◆ REQUIRED WORK:
Below are the records; repeat them in full, exactly.

◆ DATASET:
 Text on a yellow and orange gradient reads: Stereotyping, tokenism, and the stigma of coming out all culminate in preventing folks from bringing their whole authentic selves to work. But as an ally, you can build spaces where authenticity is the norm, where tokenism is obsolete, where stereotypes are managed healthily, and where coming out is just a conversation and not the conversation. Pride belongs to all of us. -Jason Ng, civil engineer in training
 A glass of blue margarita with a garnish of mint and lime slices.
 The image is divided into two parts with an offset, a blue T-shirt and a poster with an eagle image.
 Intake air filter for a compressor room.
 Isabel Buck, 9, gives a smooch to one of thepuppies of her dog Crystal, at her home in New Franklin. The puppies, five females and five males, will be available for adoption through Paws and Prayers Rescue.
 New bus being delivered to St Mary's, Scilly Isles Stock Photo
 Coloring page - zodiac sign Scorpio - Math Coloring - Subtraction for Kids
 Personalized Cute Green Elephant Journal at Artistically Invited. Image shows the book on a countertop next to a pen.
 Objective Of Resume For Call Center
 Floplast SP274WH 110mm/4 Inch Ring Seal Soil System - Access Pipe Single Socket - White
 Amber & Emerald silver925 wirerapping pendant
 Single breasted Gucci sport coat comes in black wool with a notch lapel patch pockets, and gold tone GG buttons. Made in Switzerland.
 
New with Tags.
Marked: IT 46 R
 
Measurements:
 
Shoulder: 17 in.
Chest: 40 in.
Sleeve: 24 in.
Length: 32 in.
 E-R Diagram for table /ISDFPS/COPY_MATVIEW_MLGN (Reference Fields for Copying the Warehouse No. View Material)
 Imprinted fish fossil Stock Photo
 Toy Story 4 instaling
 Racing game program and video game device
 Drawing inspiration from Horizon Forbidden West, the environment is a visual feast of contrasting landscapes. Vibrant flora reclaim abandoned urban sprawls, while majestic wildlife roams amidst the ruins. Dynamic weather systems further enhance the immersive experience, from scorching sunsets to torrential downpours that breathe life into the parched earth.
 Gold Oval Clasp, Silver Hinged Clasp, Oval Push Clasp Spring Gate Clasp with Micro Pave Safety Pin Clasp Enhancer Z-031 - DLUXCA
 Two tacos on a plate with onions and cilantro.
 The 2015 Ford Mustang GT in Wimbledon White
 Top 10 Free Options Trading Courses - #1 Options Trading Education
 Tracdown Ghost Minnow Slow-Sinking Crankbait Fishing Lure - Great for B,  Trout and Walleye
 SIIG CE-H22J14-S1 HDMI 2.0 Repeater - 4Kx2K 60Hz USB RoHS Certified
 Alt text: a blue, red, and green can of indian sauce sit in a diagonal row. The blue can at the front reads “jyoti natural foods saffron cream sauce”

◆ YOUR RESPONSE:
 Text on a yellow and orange gradient reads: Stereotyping, tokenism, and the stigma of coming out all culminate in preventing folks from bringing their whole authentic selves to work. But as an ally, you can build spaces where authenticity is the norm, where tokenism is obsolete, where stereotypes are managed healthily, and where coming out is just a conversation and not the conversation. Pride belongs to all of us. -Jason Ng, civil engineer in training
 A glass of blue margarita with a garnish of mint and lime slices.
 The image is divided into two parts with an offset, a blue T-shirt and a poster with an eagle image.
 Intake air filter for a compressor room.
 Isabel Buck, 9, gives a smooch to one of thepuppies of her dog Crystal, at her home in New Franklin. The puppies, five females and five males, will be available for adoption through Paws and Prayers Rescue.
 New bus being delivered to St Mary's, Scilly Isles Stock Photo
 Coloring page - zodiac sign Scorpio - Math Coloring - Subtraction for Kids
 Personalized Cute Green Elephant Journal at Artistically Invited. Image shows the book on a countertop next to a pen.
 Objective Of Resume For Call Center
 Floplast SP274WH 110mm/4 Inch Ring Seal Soil System - Access Pipe Single Socket - White
 Amber & Emerald silver925 wirerapping pendant
 Single breasted Gucci sport coat comes in black wool with a notch lapel patch pockets, and gold tone GG buttons. Made in Switzerland.
 
New with Tags.
Marked: IT 46 R
 
Measurements:
 
Shoulder: 17 in.
Chest: 40 in.
Sleeve: 24 in.
Length: 32 in.
 E-R Diagram for table /ISDFPS/COPY_MATVIEW_MLGN (Reference Fields for Copying the Warehouse No. View Material)
 Imprinted fish fossil Stock Photo
 Toy Story 4 instaling
 Racing game program and video game device
 Drawing inspiration from Horizon Forbidden West, the environment is a visual feast of contrasting landscapes. Vibrant flora reclaim abandoned urban sprawls, while majestic wildlife roams amidst the ruins. Dynamic weather systems further enhance the immersive experience, from scorching sunsets to torrential downpours that breathe life into the parched earth.
 Gold Oval Clasp, Silver Hinged Clasp, Oval Push Clasp Spring Gate Clasp with Micro Pave Safety Pin Clasp Enhancer Z-031 - DLUXCA
 Two tacos on a plate with onions and cilantro.
 The 2015 Ford Mustang GT in Wimbledon White
 Top 10 Free Options Trading Courses - #1 Options Trading Education
 Tracdown Ghost Minnow Slow-Sinking Crankbait Fishing Lure - Great for B,  Trout and Walleye
 SIIG CE-H22J14-S1 HDMI 2.0 Repeater - 4Kx2K 60Hz USB RoHS Certified
 Alt text: a blue, red, and green can of indian sauce sit in a diagonal row. The blue can at the front reads “jyoti natural foods saffron cream sauce”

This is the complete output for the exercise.